I was suddenly overcome by fearful visions of the VIP lounge crashing down and killing hundreds of people. I had to get out. I descended the stairs out to the dance floor but that was overwhelming too, bodies warping weaving twisting in the undertow of dub. Stumbling now out to the beach, I sought solace in the soft sand, sinking into the lotus position. People gathered around me on the beach, eerily reminiscent of my vision in Red Geminis, in gatherings of twos and threes and fives, staring out as if summoning some great force from the unfathomable depths to sear the Pacific and Milky Way together in a thin chalky membrane of waving surf. All around me the sky was falling in waves of collapsing stars. The protoplasm of the night turned a bloody purple, collapsing in pixels into the raging sea. I was sucked inward, closing my eyes, remembering a prebirth nightmare of demons and chaos. There I floundered, falling falling down down into myself into the dark into the unknown of choice and the inability to return to the purity of origins.
Just when it seemed I would fall forever I landed with a soft slow levitation. It had been years since I had found this place of peace, perhaps not in the same manner since in a previous life. A spear of light descended through the crown of my head down my gullet and into the well of my spirit, somewhere beyond my organs. At first it seemed as if the light would fade into the infinite black, but in a single moment it filled up the very core of my being. Anthroglyphs of human contour resembling Mayan pictographs danced around the circumference of my well of light, and I knew that I had hit center.
Meditating in my well of light, I opened my eyes to Luna. Its contour was a perfect white elipse of pearlescent light. None of that grease-fat orange moon hanging bloated above the horizon, or the emaciated skeleton crescent floating ghostly overhead, barely visible. No, this moon was an old moon, an equatorial moon, tearing the fabric of spacetime and beaming its perfect platinum rainbow of alien energy upon my chakras. Surrounded by a thick, reverberating purple-yellow-white aura, the satellite blinded from view all but the most brilliant constellations. Those few visible encircling stars seemed columns in a celestial palace holding up the dome of heaven. The sky became a Moon Temple, a place of knowledge to worship the subtle wisdom of a conscious self spinning the wheel of fortune.
When I returned to the moon party, I found a maelstrom of rushing current, the human beasts pulled by the same force as the tides. The maddened primates were gyrating, crawling over each other with brown flesh and tank tops and bare sandcarved soles and arms reaching out toward the column of light shining directly from the perfect circle of platinum overhead.
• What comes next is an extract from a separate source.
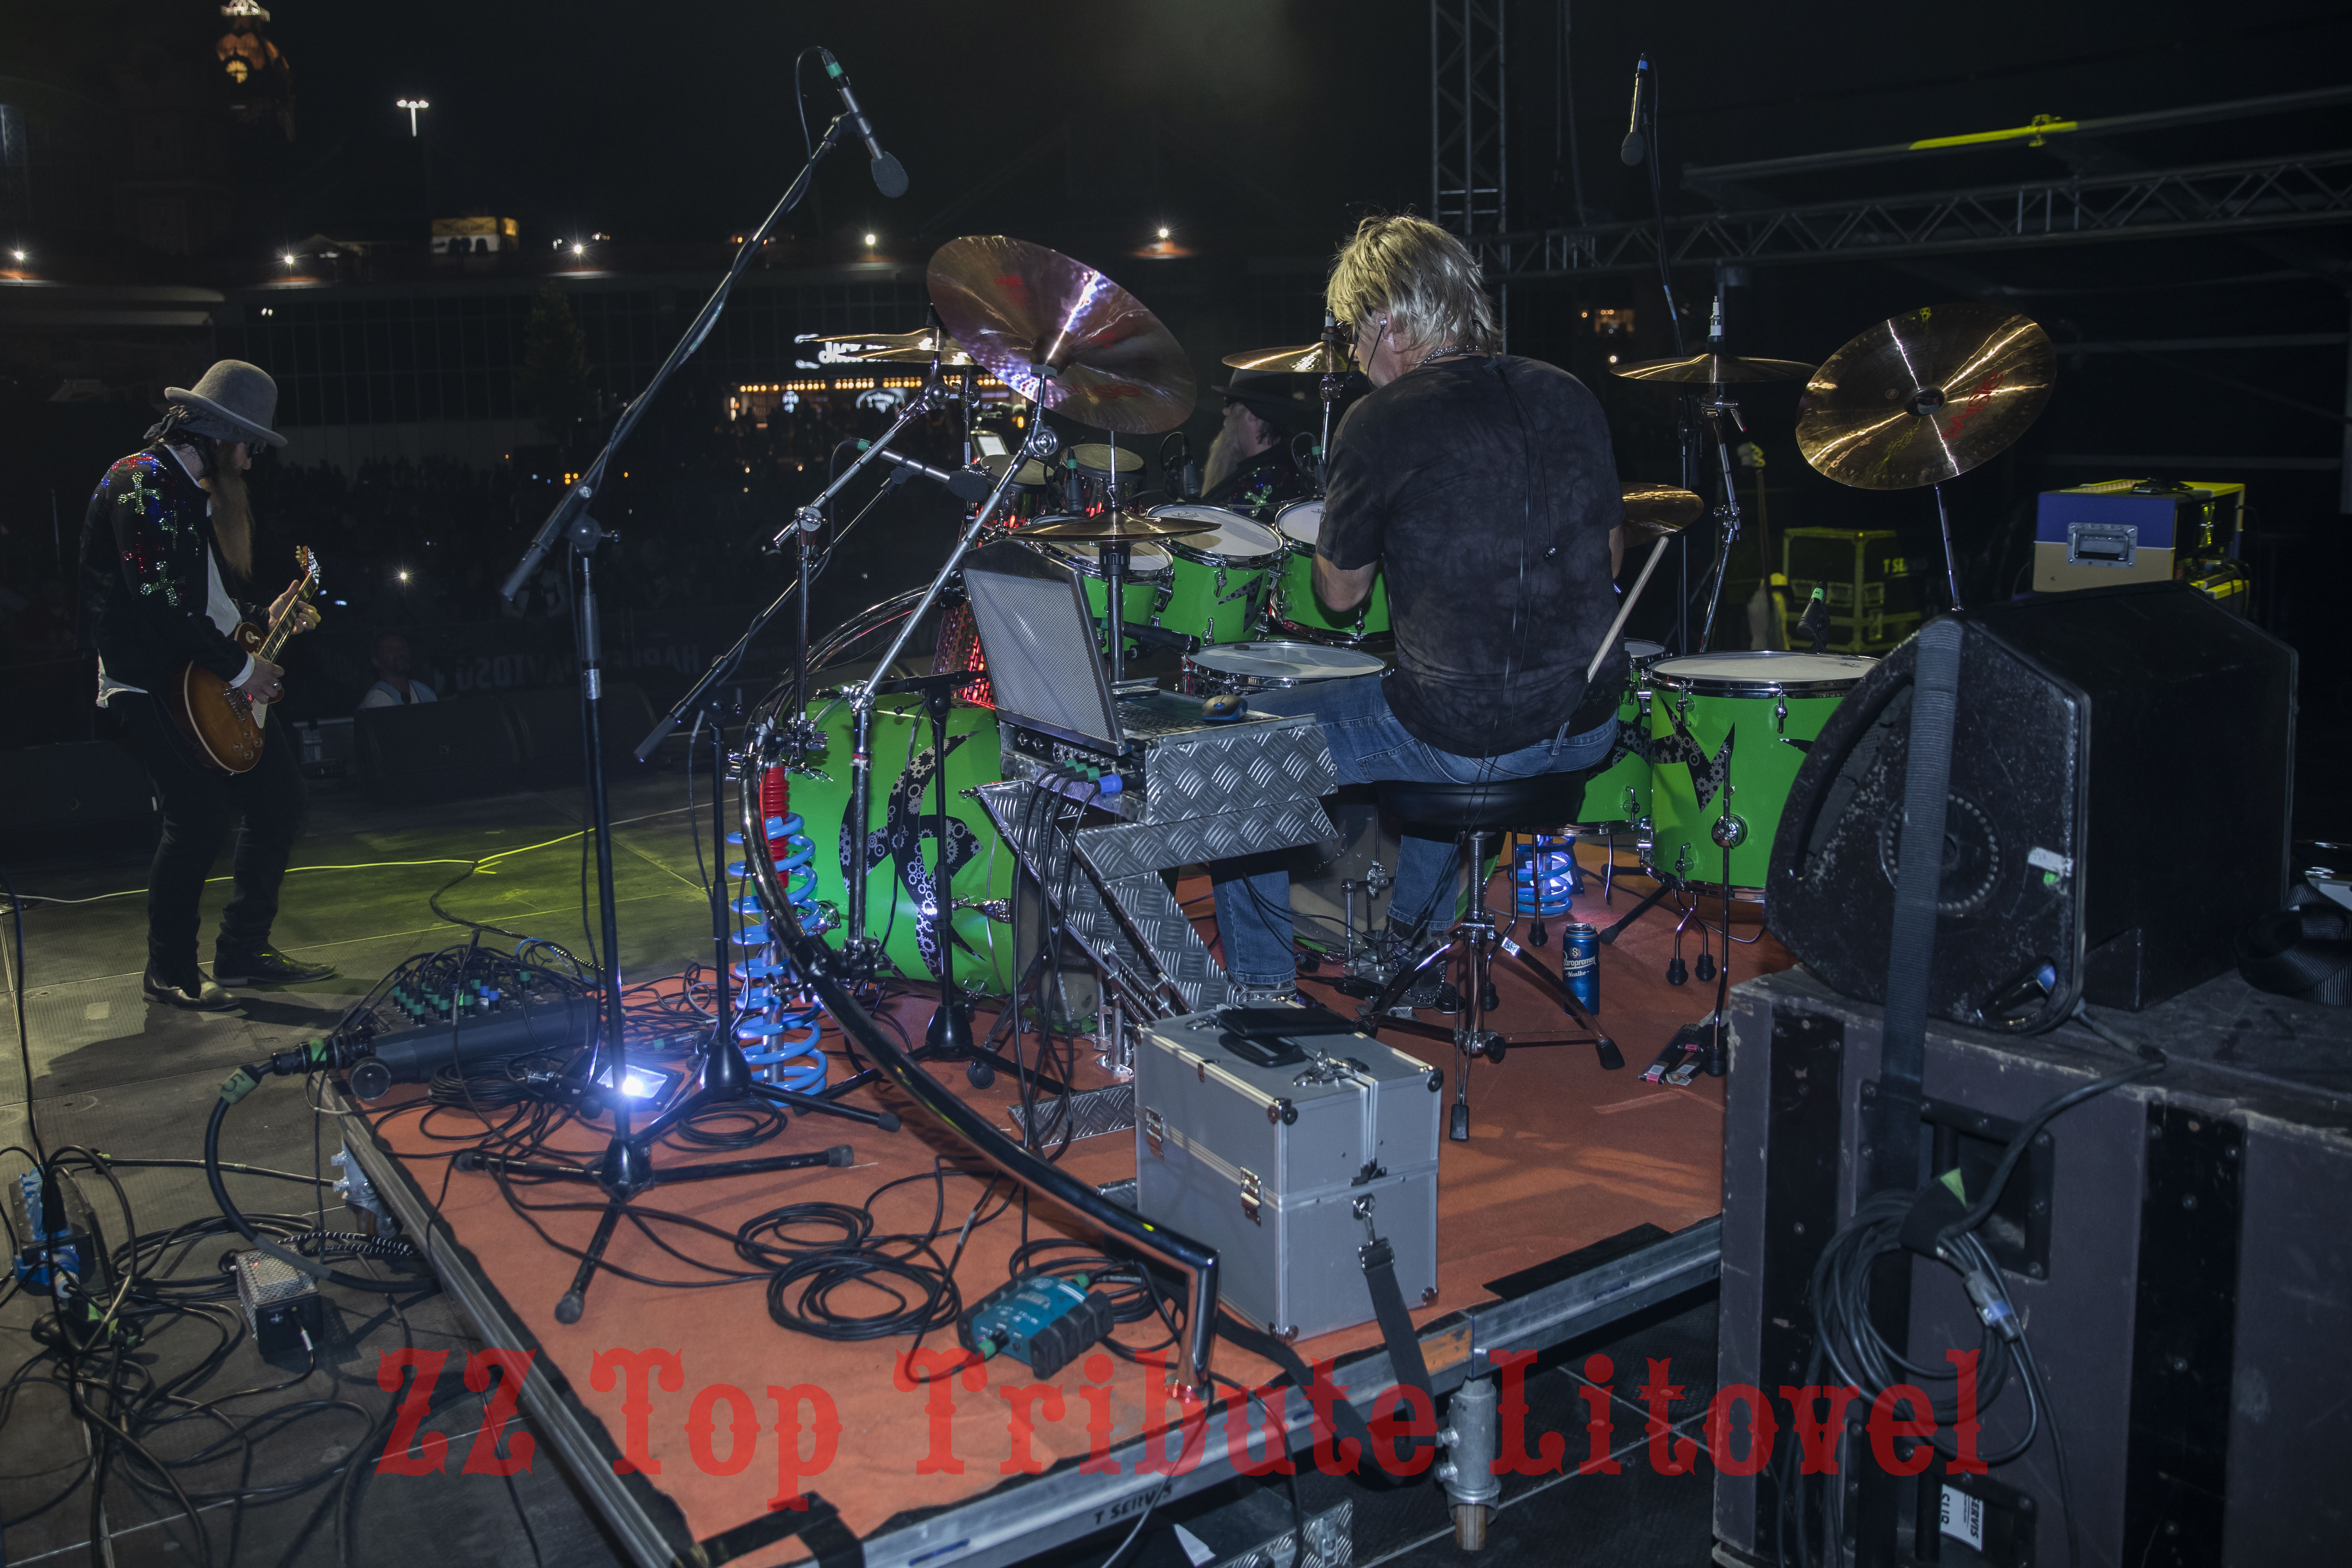 ZZ Top Revival-Tribute Litovel 112

As the hours wore on and the dark breakbeat of Urroz gave way to the meandering womp of Flook (apparently not to be confused with Fluke, of redonkulous old-school breakbeat fame) to the bouncy Latin-laced bass of El Papachango, the crowd grew increasingly volatile, corrosive waves of acid and base, male and female, potential and kinetic energy crashing and washing out, reanimating in stomping heels and slapped asses and funky freaky hip grinding booty shaking sexy supplication to the gods. Marty Party closed out the show in an epic journey mixing steady hip hop basslines through a rollercoaster of ambience, weaving the flailing poltergeist heartbeat of the hive buzzing across the feeding frenzy concrete dancefloor. In the thick for part of it, I watched from the VIP treehouse above as the waves of human muscle undulated before the astral projections of Jacobeye. Holes of psychedelic fractals tunneled through seemingly solid buildings with floating cubes of gilded textures above intricately filamentous stained glass and divine symbols rotating in neon-traced primordial polygons and landscapes of branched vegetal tentacles reaching out like dendrites sparking electrochemical collective consciousness. Drenched in sweat and womp, I spread my arms and embraced the sheer energy of the Earth’s magnetic poles and the body heat radiating into the musty sea air. The world disintegrated into its constituent particles, the subatomic colors and flavors of quarks airbrushing an impressionist matrix of relativity, and for one immeasurably small moment everyone in Mal Pais froze in the wave of time.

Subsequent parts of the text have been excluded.